Sheikh Abdur Raheem Ali comments on Mechanisms of Introspective Awareness

Sheikh Abdur Raheem Ali 25 Apr 2026 5:01 UTC
1 point
0
I see, thank you for sharing these details, it helps clarify your original comment. I’m not certain I follow how it links to this piece, or the related work that you cite. I read that Anthropic post when it was released and worked on some follow up experiments whose results I never properly wrote up, so you may assume I have some familiarity with it, but I don’t have a thorough understanding— and I’m still working through the paper linked to this post as well, so feel free to quote specific sections I might have missed that make the bridge clearer.

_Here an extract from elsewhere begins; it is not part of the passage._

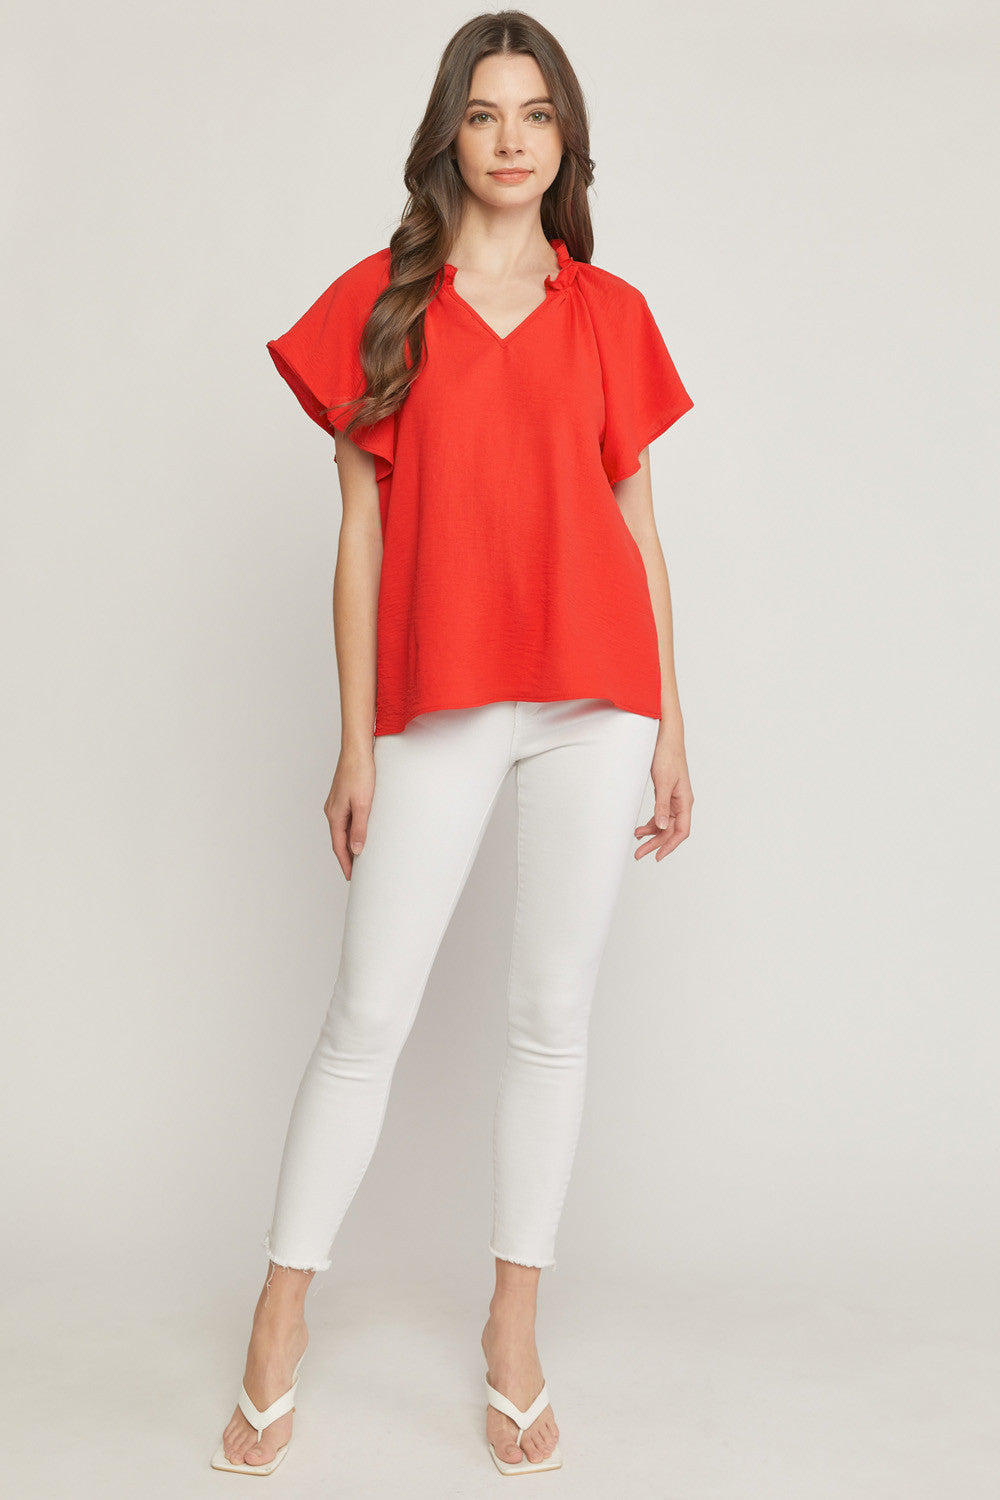 Red High Neck Sleeveless Blouse | FS Collection | SilkFred US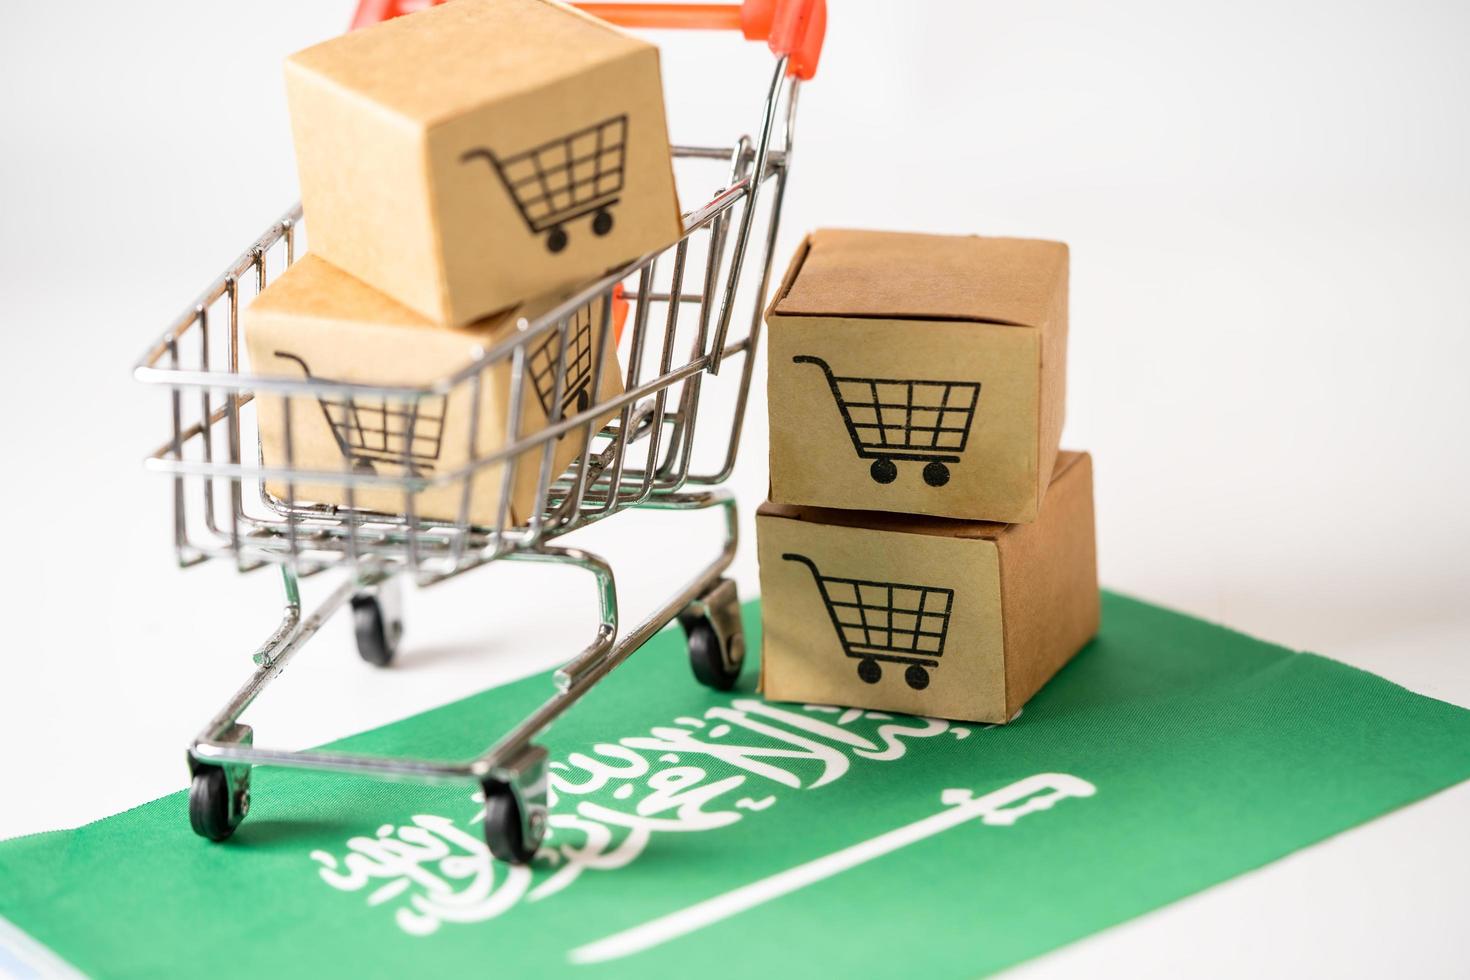 Box with shopping cart logo and Saudi Arabia flag, Import Export Shopping online or eCommerce finance delivery service store product shipping, trade, supplier concept. photo

From memory I recall there is a section on optical illusions where certain tokens common in code, such as @@, can fool the model. But it is a known fact that minor differences in punctuation can lead to an entirely different tokenization of the input sequence, and affect task performance in surprising ways. The llama 3 tokenizer is particularly cursed (see https://github.com/belladoreai/llama3-tokenizer-js/blob/master/src/llama3-tokenizer.js), but this has been true for LLMs since gpt2 or even earlier, with some caveats that more capable models tend to treat semantically equivalent sequences in more consistent ways (I don’t have a citation on hand for this).
However, the change you describe (swapping an ellipsis for a question mark) does change the meaning of a sentence in a way that appending a newline or prepending a bos token wouldn’t, so I think that it is expected behavior for a model to pick up on the break in the pattern on that turn (and for this to be detectable using white box methods). How does this relate to the weak evidence carrier features in the introspection circuit, or to the boundary detector heads and the twisting of the characters remaining/line position manifold from the linebreaks paper?
- flatstats 26 Apr 2026 19:56 UTC
  1 point
  0
  Parent
  Okay yeah I agree punctuation matters semantically and that some model behavior is expected. The reason I don’t think it’s strictly that is, in at least one of my project’s runs, the visible response at turn index 10 did not change at all, while the internal attention/geometry deltas still spiked. The behavioral difference only surfaced at turn index 11. So this would mean surface level equivalent completions can still carry state divergence forward.
  This is why I am comparing it to “When Models Manipulate Manifolds” paper, its not that question marks or ellipsis are exactly like newlines in content, its because both are structural markers that can trigger internal state updates. This particular paper gives a mechanistic example where heads route boundary information through geometry.
  And how it connects to “Mechanisms of Introspective Awareness” is that their evidence carriers/gates show how weak distributed internal signals can be present before or apart from straightforward output behavior.
  So it makes me think of these heads being possible candidate upstream routers rather than the final detector. Their detection mechanism is mostly localized to distributed mid-to-late MLP computation, with weak evidence carriers and gate features. If punctuation and discourse transitions consistently recruit the same mid-to-late attention families, those heads may function as stable upstream routers for structural state information. Their outputs could then feed into later MLP features that integrate weak signals into reportable evidence.